Objective: Perform spatial data analysis for COVID-19 data and visualize its spread in 2020.
Data Source:: https://github.com/CSSEGISandData/COVID-19 https://www.worldometers.info/
Collection Methodology:: https://github.com/imdevskp/covid_19_jhu_data_web_scrap_and_cleaning
Analysis: The dataset includes geographic information system (GIS) data including counts by latitude and longitude per day. Hence, we can count how many confirmed, recovered, death, and active cases exist per day by location including country and/or WHO region.
Data by Country: Provide the total confirmed, active, death, and recovered cases by country as of July 27, 2020. Apply a heat map, and order the results by total confirmed cases, to indicate how the total confirmed cases are highest in the USA, Brazil, and India. The USA has, by far, the highest deaths of any country due to COVID-19.
Rather than order by confirmed cases, let's apply a heat map again and order by deaths while calculating the deaths/100 cases. This is a better measure to compare the death rate between countries.

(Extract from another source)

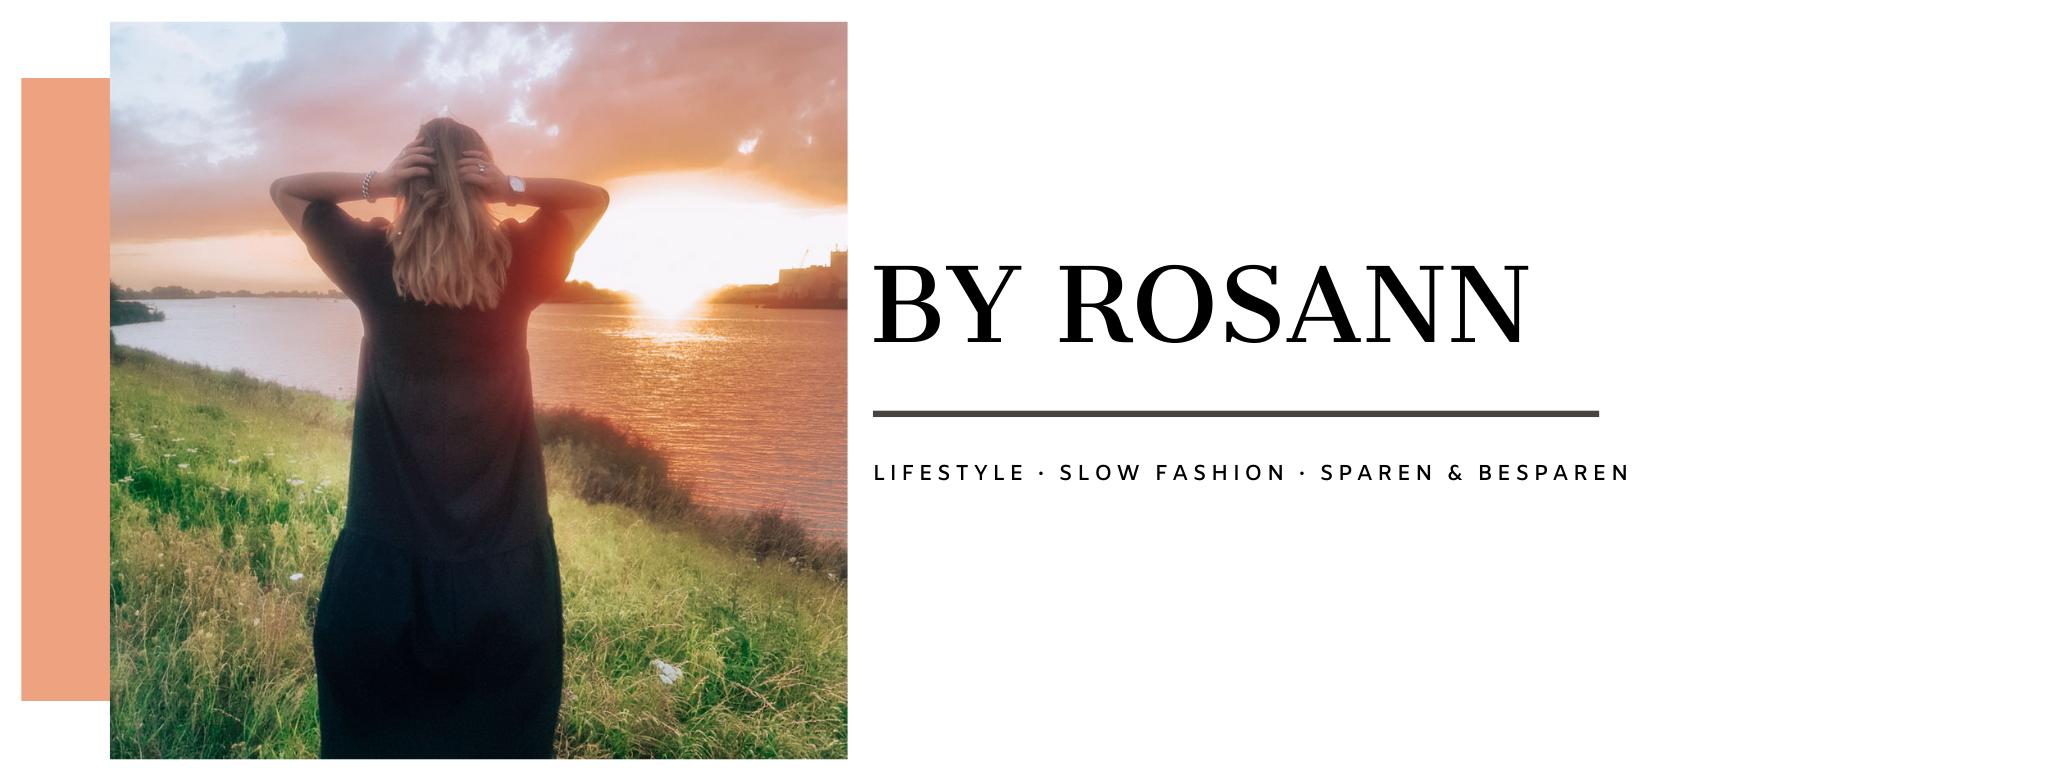 BY ROSANN

Geospatial Analysis: Now, let's plot some choropleth maps. Let's start with confirmed cases by country. First, let’s start with count of confirmed cases by country.
The same trend is observed when I plotted deaths by country. While Greenland had few confirmed cases, they appear to have even fewer deaths. Interestingly, the same African countries with few cases have more deaths than Greenland.
Next, I can plot the spread of confirmed COVID-19 cases over time.
Conclusion: One can see that COVID-19 started in China, then spread to Europe, and then to the USA.